(Stored records)

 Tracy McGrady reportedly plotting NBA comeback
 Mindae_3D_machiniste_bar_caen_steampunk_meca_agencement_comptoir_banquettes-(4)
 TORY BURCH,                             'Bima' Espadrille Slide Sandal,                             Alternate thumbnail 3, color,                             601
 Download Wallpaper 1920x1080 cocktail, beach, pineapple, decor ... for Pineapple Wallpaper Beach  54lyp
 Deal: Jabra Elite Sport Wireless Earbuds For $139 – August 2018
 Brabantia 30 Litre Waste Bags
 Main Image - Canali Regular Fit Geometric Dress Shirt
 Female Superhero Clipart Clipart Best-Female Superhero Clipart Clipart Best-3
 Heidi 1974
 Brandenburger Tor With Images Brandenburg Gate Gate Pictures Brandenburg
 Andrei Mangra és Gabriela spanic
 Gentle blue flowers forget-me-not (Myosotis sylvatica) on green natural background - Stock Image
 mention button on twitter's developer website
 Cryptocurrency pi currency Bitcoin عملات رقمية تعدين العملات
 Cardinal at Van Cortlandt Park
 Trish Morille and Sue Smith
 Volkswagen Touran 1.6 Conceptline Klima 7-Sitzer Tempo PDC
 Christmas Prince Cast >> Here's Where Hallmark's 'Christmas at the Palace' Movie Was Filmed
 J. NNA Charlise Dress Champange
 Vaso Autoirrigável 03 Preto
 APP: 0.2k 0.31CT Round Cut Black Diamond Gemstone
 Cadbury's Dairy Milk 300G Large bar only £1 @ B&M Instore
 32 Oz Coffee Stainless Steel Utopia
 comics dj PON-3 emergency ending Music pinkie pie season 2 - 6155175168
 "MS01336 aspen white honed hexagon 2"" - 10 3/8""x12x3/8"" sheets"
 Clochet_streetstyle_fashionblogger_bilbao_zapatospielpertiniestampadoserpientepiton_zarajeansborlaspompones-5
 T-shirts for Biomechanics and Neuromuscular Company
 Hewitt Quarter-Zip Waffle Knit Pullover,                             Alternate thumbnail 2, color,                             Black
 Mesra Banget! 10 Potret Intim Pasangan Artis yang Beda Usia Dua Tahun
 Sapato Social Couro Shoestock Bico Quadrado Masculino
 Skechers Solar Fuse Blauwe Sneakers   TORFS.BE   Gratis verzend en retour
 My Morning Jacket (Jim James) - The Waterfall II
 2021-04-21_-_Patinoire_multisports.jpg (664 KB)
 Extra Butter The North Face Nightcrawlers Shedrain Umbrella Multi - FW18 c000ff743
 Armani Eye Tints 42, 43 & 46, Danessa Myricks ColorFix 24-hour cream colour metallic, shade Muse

* _YOUR OBJECTIVE_
Using the entries shown above, reproduce verbatim the lines from the line bearing "Sapato Social Couro" to the line bearing "2021-04-21_-_Patinoire_multisports.jpg (664 KB)", inclusive.

* _FINAL ANSWER_
 Sapato Social Couro Shoestock Bico Quadrado Masculino
 Skechers Solar Fuse Blauwe Sneakers   TORFS.BE   Gratis verzend en retour
 My Morning Jacket (Jim James) - The Waterfall II
 2021-04-21_-_Patinoire_multisports.jpg (664 KB)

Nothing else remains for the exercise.